From: David Hildenbrand
Date: Tue Apr 27 2021 - 05:05:25 EST


On 27.04.21 10:30, Wang Wensheng wrote:
The section_mem_map member of struct mem_section stores some flags and
the address of struct page array of the mem_section.

Additionally the node id of the mem_section is stored during early boot,
where the struct page array has not been allocated. In other words, the
higher bits of section_mem_map are used for two purpose, and the node id
should be clear properly after the early boot.

Currently the node id field is overlapped with the flag field and cannot
be clear properly. That overlapped bits would then be treated as
mem_section flags and may lead to unexpected side effects.

Define SECTION_NID_SHIFT using order_base_2 to ensure that the node id
field always locates after flags field. That's why the overlap occurs -
forgetting to increase SECTION_NID_SHIFT when adding new mem_section
flag.

Fixes: 326e1b8f83a4 ("mm/sparsemem: introduce a SECTION_IS_EARLY flag")
Signed-off-by: Wang Wensheng <wangwensheng4@xxxxxxxxxx>
---
include/linux/mmzone.h | 2 +-
1 file changed, 1 insertion(+), 1 deletion(-)

diff --git a/include/linux/mmzone.h b/include/linux/mmzone.h
index 47946ce..b01694d 100644
--- a/include/linux/mmzone.h
+++ b/include/linux/mmzone.h
@@ -1325,7 +1325,7 @@ extern size_t mem_section_usage_size(void);
#define SECTION_TAINT_ZONE_DEVICE (1UL<<4)
#define SECTION_MAP_LAST_BIT (1UL<<5)
#define SECTION_MAP_MASK (~(SECTION_MAP_LAST_BIT-1))
-#define SECTION_NID_SHIFT 3
+#define SECTION_NID_SHIFT order_base_2(SECTION_MAP_LAST_BIT)
static inline struct page *__section_mem_map_addr(struct mem_section *section)
{


Well, all sections around during boot that have an early NID are early ... so it's not an issue with SECTION_IS_EARLY, no? I mean, it's ugly, but not broken.

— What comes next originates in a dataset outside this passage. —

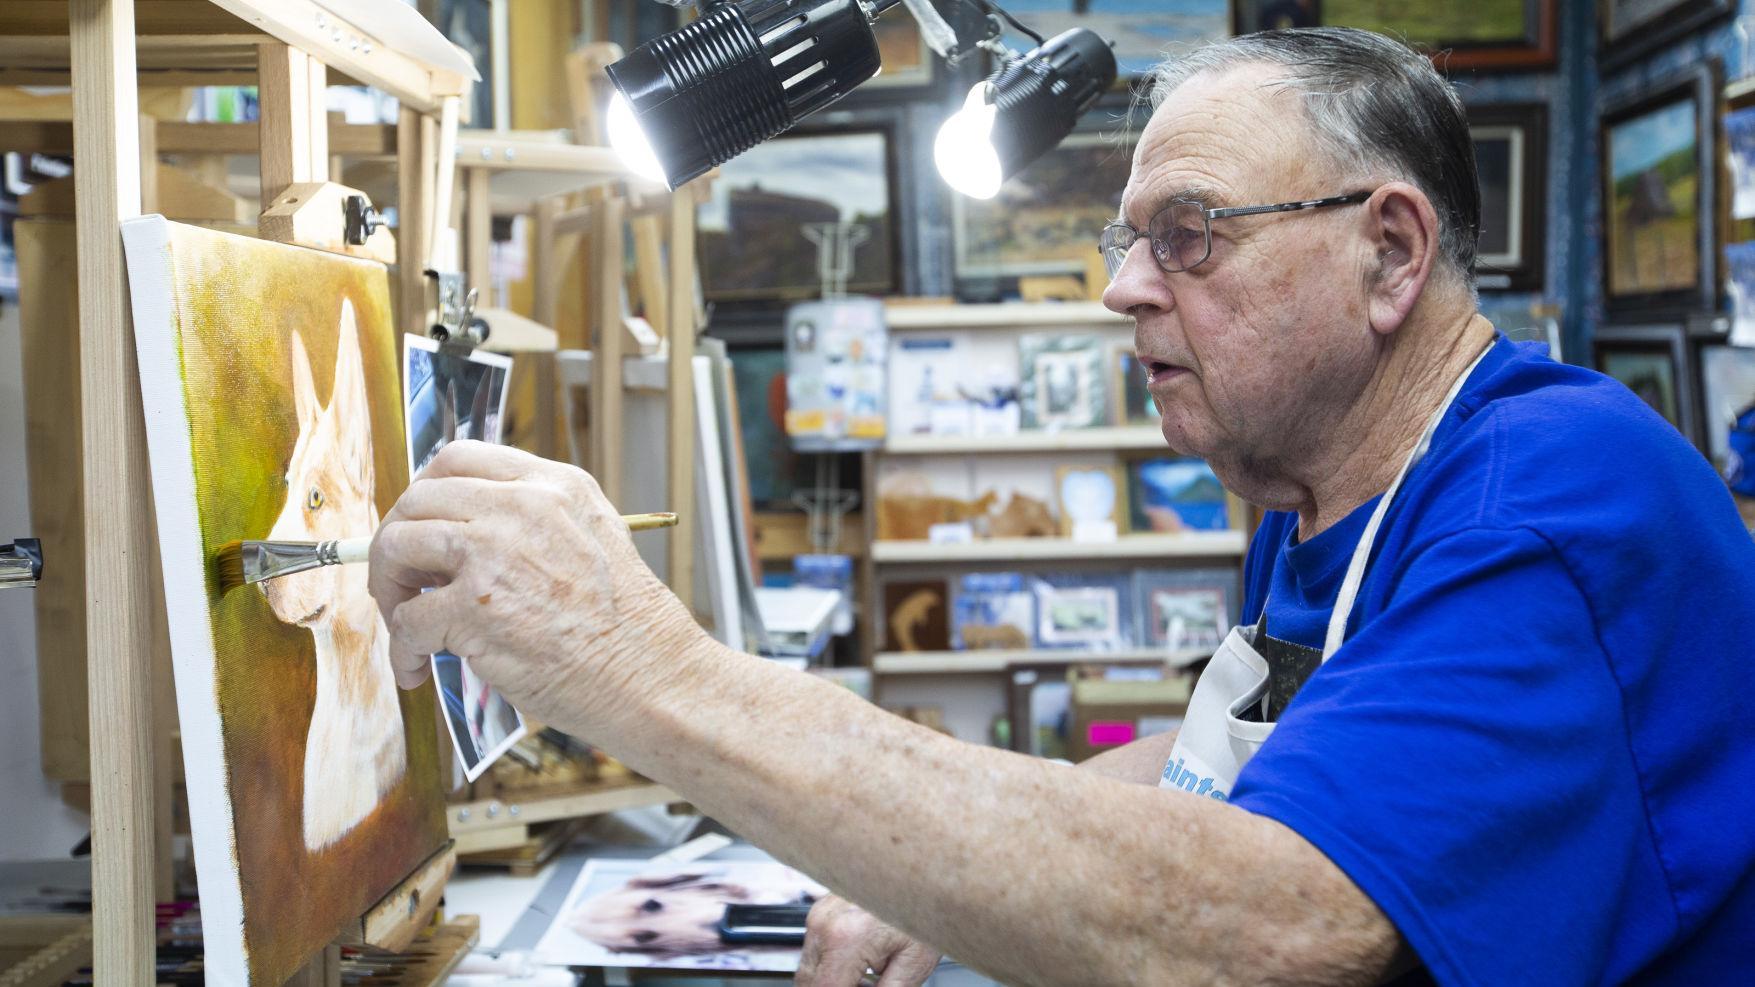 Yakima S Bill Carnahan Finds A Niche Painting Pet Portraits Local Yakimaherald Com

But it's an issue with SECTION_TAINT_ZONE_DEVICE, AFAIKT. sparse_init_one_section() would leave the bit set if the nid happens to have that bit set (e.g., node 2,3). It's semi-broken then, because we force all pfn_to_online_page() through the slow path.


That whole section flag setting code is fragile.

--
Thanks,

David / dhildenb